LATE JUNE IS THE WRONG TIME TO CAMP, this far north. It’s far too bright, the nights are too short, this close to the solstice. At 11 it’s still light enough in the tent for Kirsten to see Evan’s slightly averted profile, his high brow and nose and full lips. Evan has fallen asleep, as always, instantaneously, as if he’s been clubbed over the head. There are no layers, for him, between consciousness and unconsciousness: just a simple switch. On/off. For her, though, sleep
is a location to which she must drift down slowly. As she falls, fronds of the day’s thoughts, sensations, brush her again. She is aware of this vegetation becoming gradually more elaborate, more unlikely, more irresistible. And the slightest noise or movement will jerk her back to the surface. She must always fall asleep after Evan does, and her slow drifting often takes hours.
The morning journey, though, happens in reverse. She passes from sleep, even from deep dreaming sleep, effortlessly and instantly, as if stepping through a doorway. Evan wakes laboriously, groans, thrashes, yawns profoundly, as though he is being dragged back against his will, extradited into consciousness. His loud yawns, his leg jerks usually wake Kirsten long before she’s had her fill of rest. Wake her to a sense of disappointment, grievance.
It’s no use. Sleep is unattainable, tonight. There is no preliminary softening of edges, only the inadequate depth of the air mattress. Kirsten rises, unzips the tent’s door and slips out into the oily light.

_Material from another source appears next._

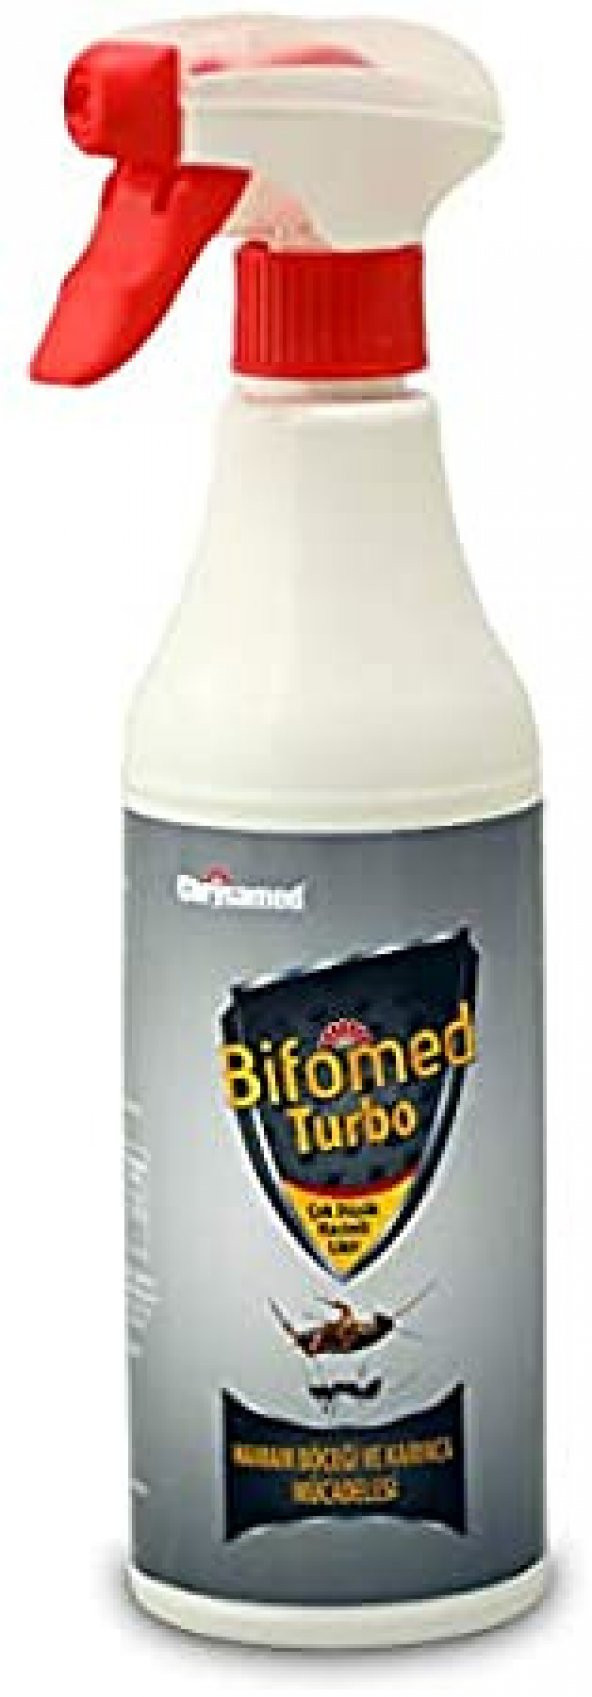 Chrysamed Bifomed Turbo 500 ml

Jeff is on the shore, gazing out toward the lake. On the sand beside him, a lantern, not lit, and a paperback copy of poems by Jack Gilbert. Without looking up, he moves the lantern, the book, and she sits. Jeff’s hand moves discreetly and brings up a small object, finger-shaped, that glimmers a faint white. He proffers it to Kirsten in his upturned palm. It takes her a moment to recognize it.
Oh – yes, please.
He puts it in his own mouth, lights it with a long barbecue lighter, and draws on it quickly, a series of staccato puffs, until the end glows, and then passes it to Kirsten.
Too light for camping, this time of year, he says.
Yes. Solstice.
But quiet, at least.
Yes. She says. Evan can sleep anytime, though.
Linda wears a blindfold.
Evan will be up at four.
Hopefully not chopping wood?
Such complicity, and all done with inflection, so subtly, that to try to put a finger on it, to say there, there, would be to extinguish it.